For my Master Thesis I came up with quite a few Monte Carlo simulations. I use them to filter particle size histograms and to estimate errors of derived distribution parameters.
Every thing Monte Carlo related tends to be quite processor intensive. Which is rather painfull as I usually work on an older Macbook Pro with a Core2Duo processor. Fortunately I have an i5 machine to my disposal. But I don't want to work on that machine directly, I rather prefer my own.
That is why I wanted to set up a small IPython cluster. I anyway work with the fabulous IPython notebook and console all day, so, after watching some of the videos on the IPython cluster I was certain, that it would serve my purposes quite well. That was easily confirmed by a few local trials. So I went ahead and dove head first into the documentation on how to set up an IPython cluster via SSH. Usually the documentation of IPython is very good but with the information provided I was not able to set up a working configuration. So I'll walk you through my now working config.1
Setup
First make sure you are running the latest iPython version from the master branch of the IPython github. In this case it is the 0.14dev version, courtesy of the ScipySuperpack.
Than add a new dedicated user (ipcluster) to the machine the engines are
supposed to run on. Make sure the user can run ipython and that all the tests
pass. Also you have to set up password less login via ssh so that you can log in
from your laptop into the worker machine.
Configuration
Now create a new profile on your controller machine (The MBP in my case) by running this command in the shell
ipython profile create --parallel --profile=ssh
The config files are placed into the .ipython/profile_ssh/ folder in your home
directory. These are the files you need to alter.
In ipcluster_config.py go ahead and change the following, in line with the
docs:
c.IPClusterEngines.engine_launcher_class = 'SSH' c.SSHEngineSetLauncher.engines = { 'xxx.xxx.xxx.002' : 4 # IP of the machine for the engines }
This sets up the engines to be started via SSH. The dictionary specifies the number of engines to start on which machine. It can easily be appended with more machines to run engines on.2
Unfortunately that was not enough to get the cluster to start, as ipcluster
start tries to ssh into the remote machine with your local user name. This can
be changed with setting in ipcluster_config.py:
c.SSHEngineLauncher.user = 'ipcluster'
Now the engines start on the remote machine, but they are still not able
to connect to the locally running controller. The reason is, that by default the
controller only listens to connections from localhost.

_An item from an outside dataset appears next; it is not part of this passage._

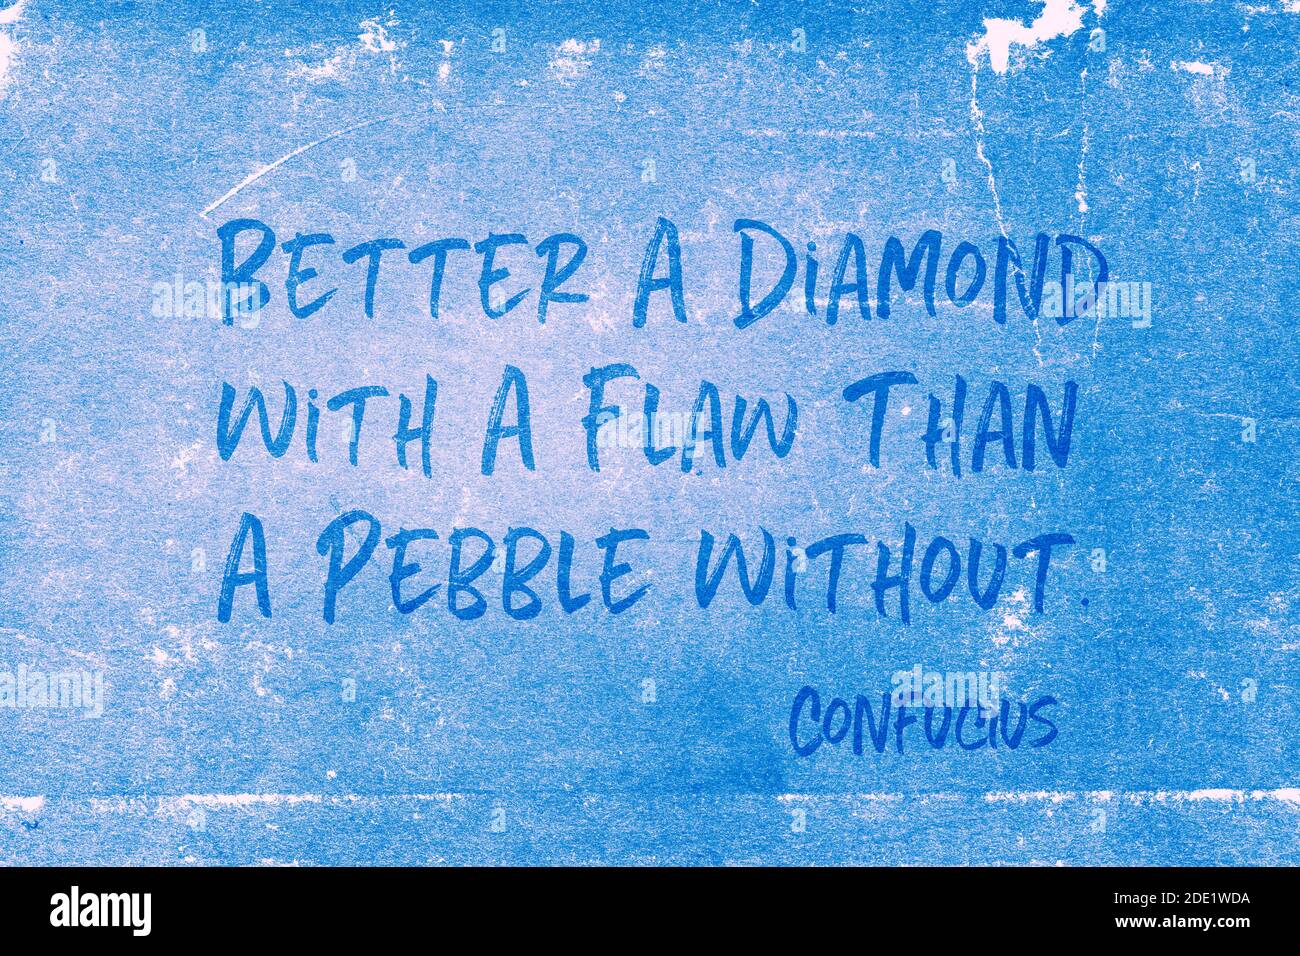 Better a diamond with a flaw than a pebble without - ancient Chinese  philosopher Confucius quote printed on grunge blue paper Stock Photo - Alamy
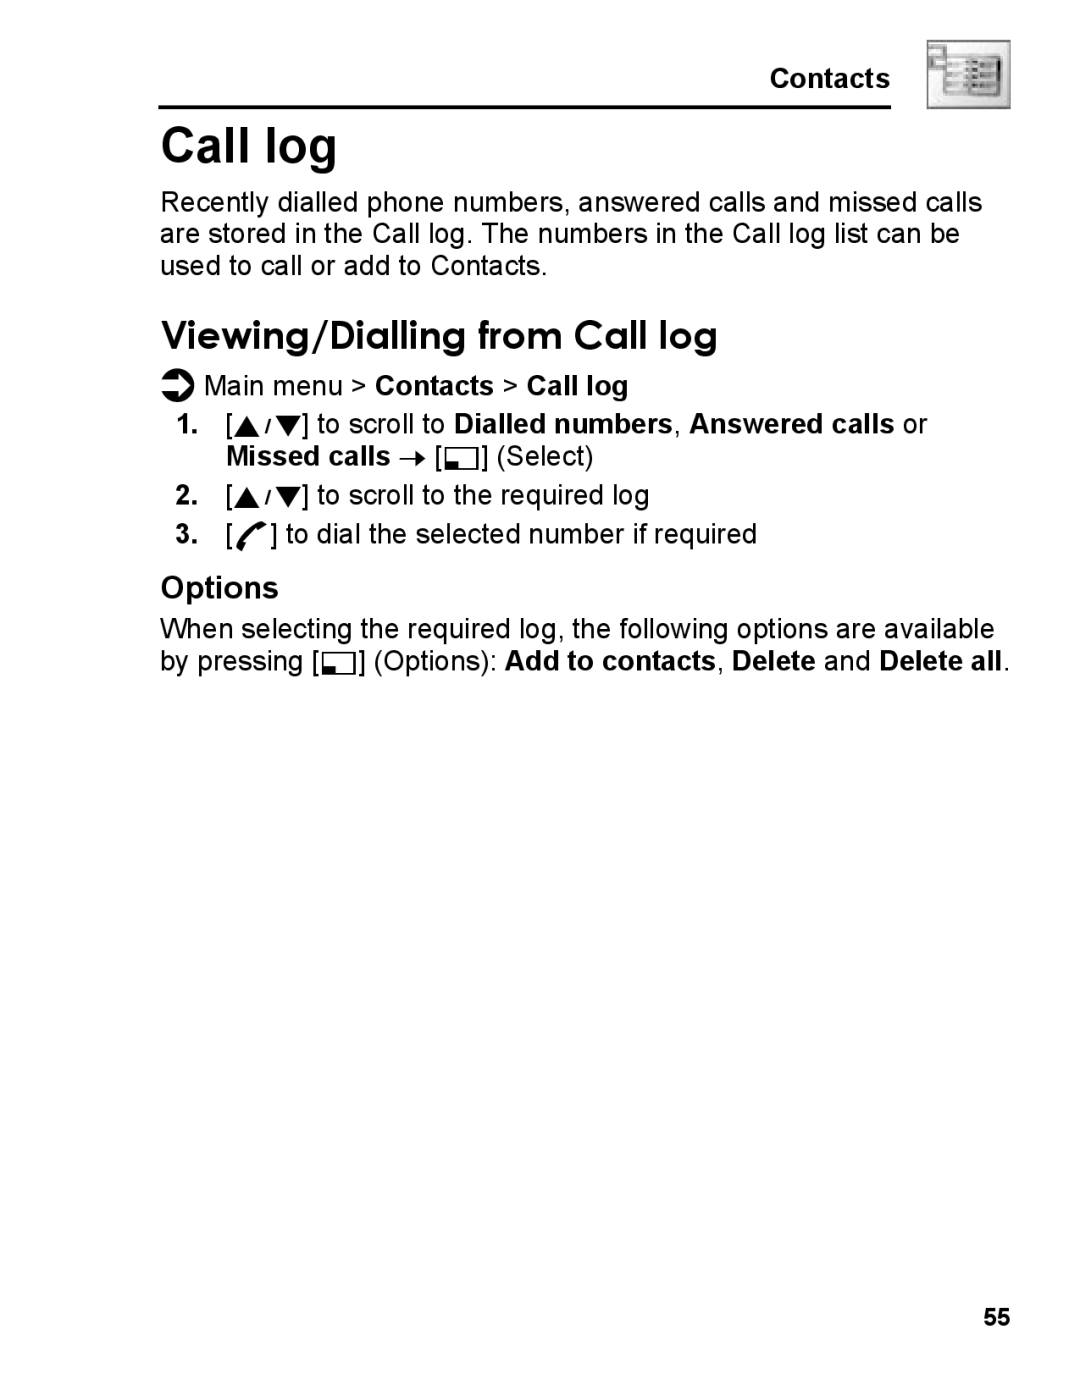 Panasonic A210 manual Viewing/Dialling from Call log

To change that behaviour
you need to set the following options in ipcontroller_config.py:
c.HubFactory.client_ip = 'xxx.xxx.xxx.001' # IP of my laptop c.HubFactory.ip = 'xxx.xxx.xxx.001'
and in ip_engine_config.py:
c.EngineFactory.location = 'xxx.xxx.xxx.001'
That makes the engines try to connect to a controller on xxx.xxx.xxx.162 and the
controller to listen to connections to the same IP.
Then copy the profile_ssh folder to the remote .ipython folder and run
ipcluster start --profile=ssh
on the local machine. This will start four engines on xxx.xxx.xxx.002 and
connect theses engines to the locally running controller.
Your cluster is now ready to be used. The IPython documentation is a good starting point to read about the ways to use all the computing power that is now at your fingertips.
-
Remark: Recently Jean-Francis Roy published a good walk through on his blog on how to start all the components of an IPython cluster manually and connect them via SSH tunnels. In my case I use the
ipcluster startscript to automate that process. ↩ -
I hope that I can acquire at least one more node. ↩